The barriers to greater efficiency in Russian buildings are
formidable. The indigenous Russian construction industry remains highly centralized, and
consists largely of antiquated facilities too short on cash to make desperately needed
upgrades. Building designers, who have for generations been expected to stand
in passive acceptance of state-sanctioned standard designs, lack knowledge of advanced
design techniques and new technologies, even those with emerging prospects in the Russian
market. Among consumers, the scarcity of information is just as acute. Most
apartments lack meters for heat consumption, even at the whole-building level; residents
pay flat fees based on floor area, not actual use. Thus they have no way to identify
conservation opportunities and no cost incentive to pursue them.
Development of a flexible and innovative building-code model
for Russias regions
Over the last ten years, IMT has
joined the Natural Resources Defense
Council (NRDC) and the Moscow-based Center for Energy Efficiency (CENEf) in an
effort to develop an innovative model energy-efficiency code for use in Russia. This
model code is helping to surmount information barriers among designers, contractors, and
consumers, resulting in buildings that are more cost-effective, comfortable, and
environmentally friendly. The project team has worked with Russian regions, the Russian
Federation government, and Russian NGOs to encourage adoption and enforcement of codes
based on this model.
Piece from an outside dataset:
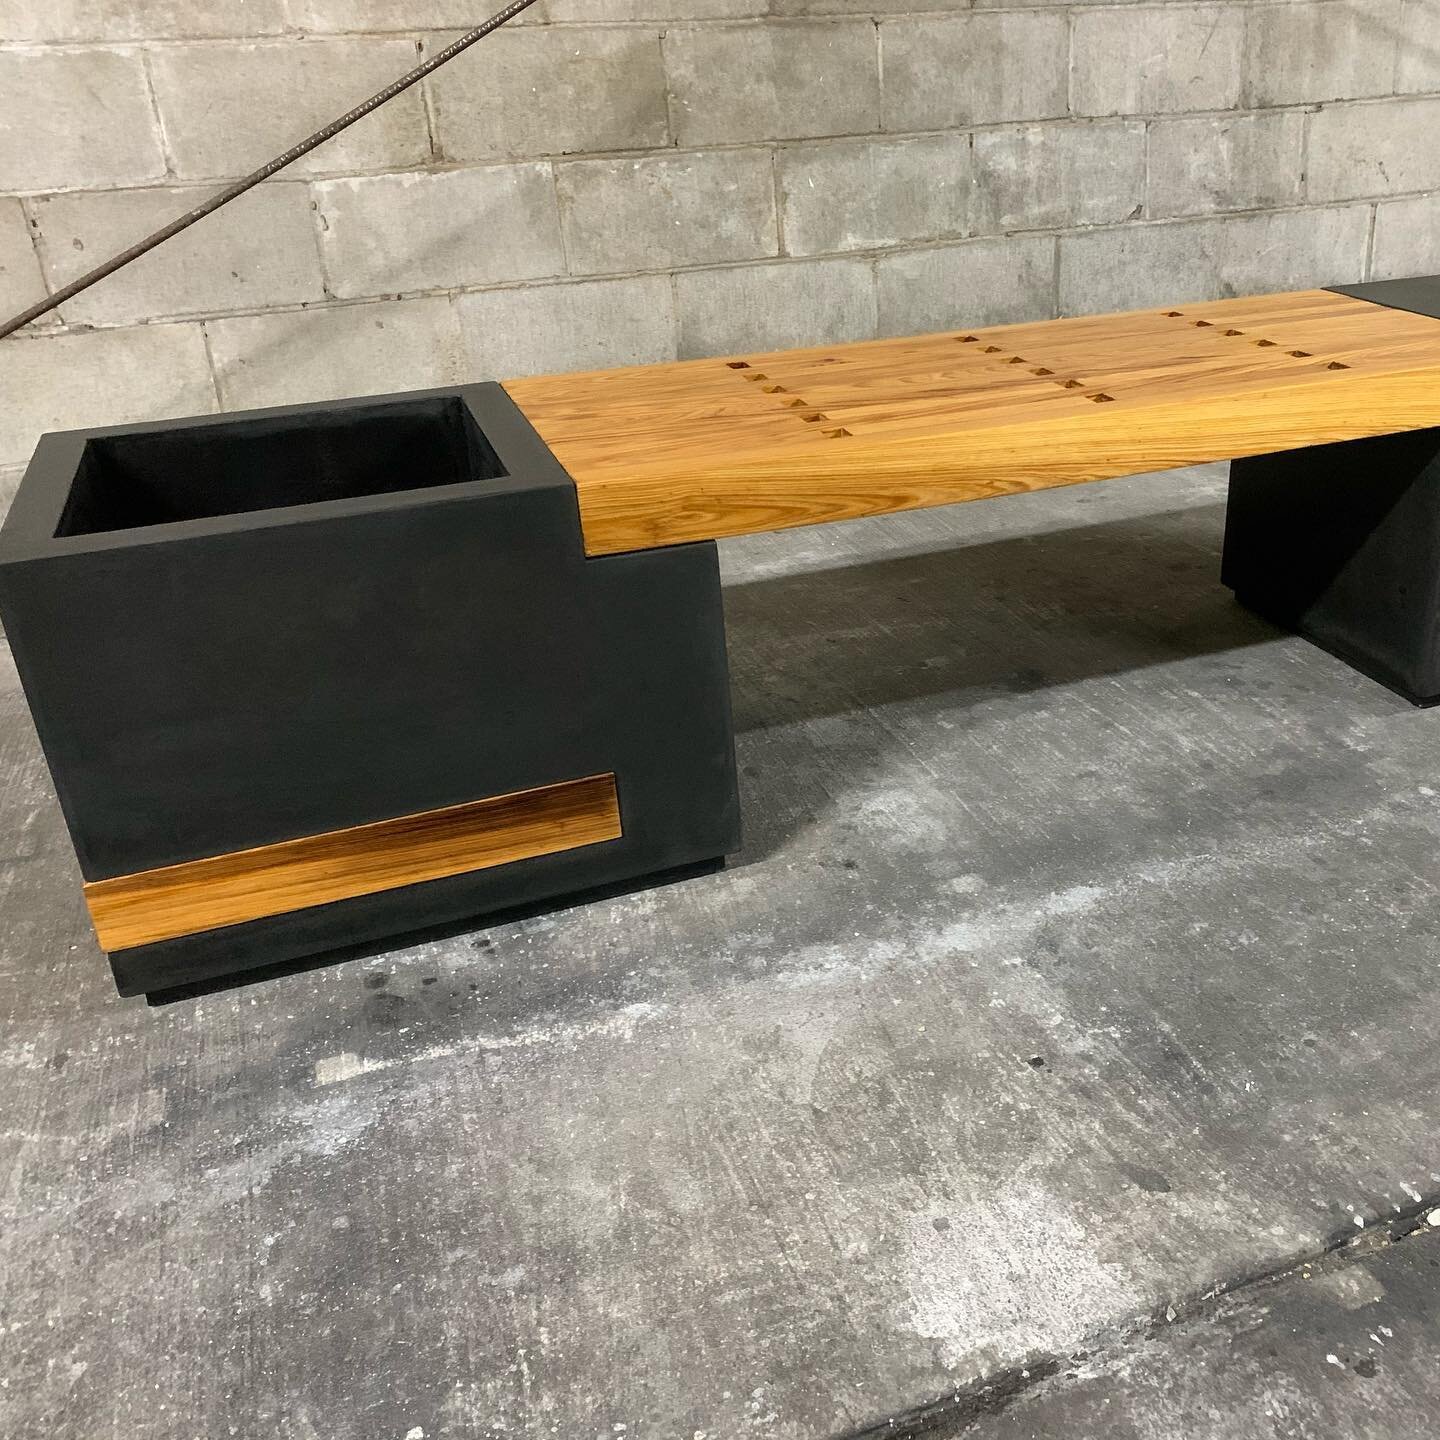 Fini, Acabado, Done! Custom cypress and concrete bench with built in planter. #planterbench #bench #concretebench #custom #customconcrete #concreteandwood #customconcretedesign #concretedesign #stogsconcretedesign #outdoorfurniture #concretefurniture

Implementation of the
model code is resulting
in buildings that are up to 50% more thermally efficient than most existing building
stock, and 40% more efficient than buildings minimally compliant with
prior
codes.
Aside from significant energy savings and pollution prevention,
the model code offers several other powerful advantages. It generates major savings
for regional and municipal governments. It gives greater flexibility to building
designers in how to achieve compliance, leading to enhanced design creativity and cost
optimization without sacrificing energy-conservation goals. The model code also includes
detailed programs of inspection and enforcement, including material on advanced
technologies heretofore unfamiliar to Russian building-code officials.
In May 1998, the Yaroslavl Oblast became the first of
Russias regions to adopt regional building standards based on the model code.
In the years since, a total of 53 regions accounting for more than 75% of
all construction have adopted codes based on the model code. In
2003, the
federal Russian government adopted SNiP 23-02
based on the model code.
More recently, IMT and its partners have begun
to work to replicate our successes in Russia to
Kazakhstan, Ukraine and other Newly Independent States. In 2004,
the Commonwealth of Independent State’s Interstate Scientific-Technical
Commission on Standardization, Technical Norms and Certification in
Construction (known by its Russian abbreviation MNTKS) voted to adopt as
MSN 2.04-02-2004 Russia’s SNiP 23-02, which is based on the team’s model
code. "MSN" is the Russian abbreviation for "Interstate Building Code."
The following countries ratified MSN 2.04-02-2004: Armenia, Moldavia,
Kazakhstan, Kyrgyzstan, Tajikistan, Uzbekistan, and Russia.
The project
is
funded by the U.S.
Environmental Protection Agency and the
Renewable Energy & Energy Efficiency Partnership
(REEEP). IMT’s
earlier work in Russia was funded from by Battelle
Pacific Northwest National Laboratory (PNNL) and the U.S. Department of Energy.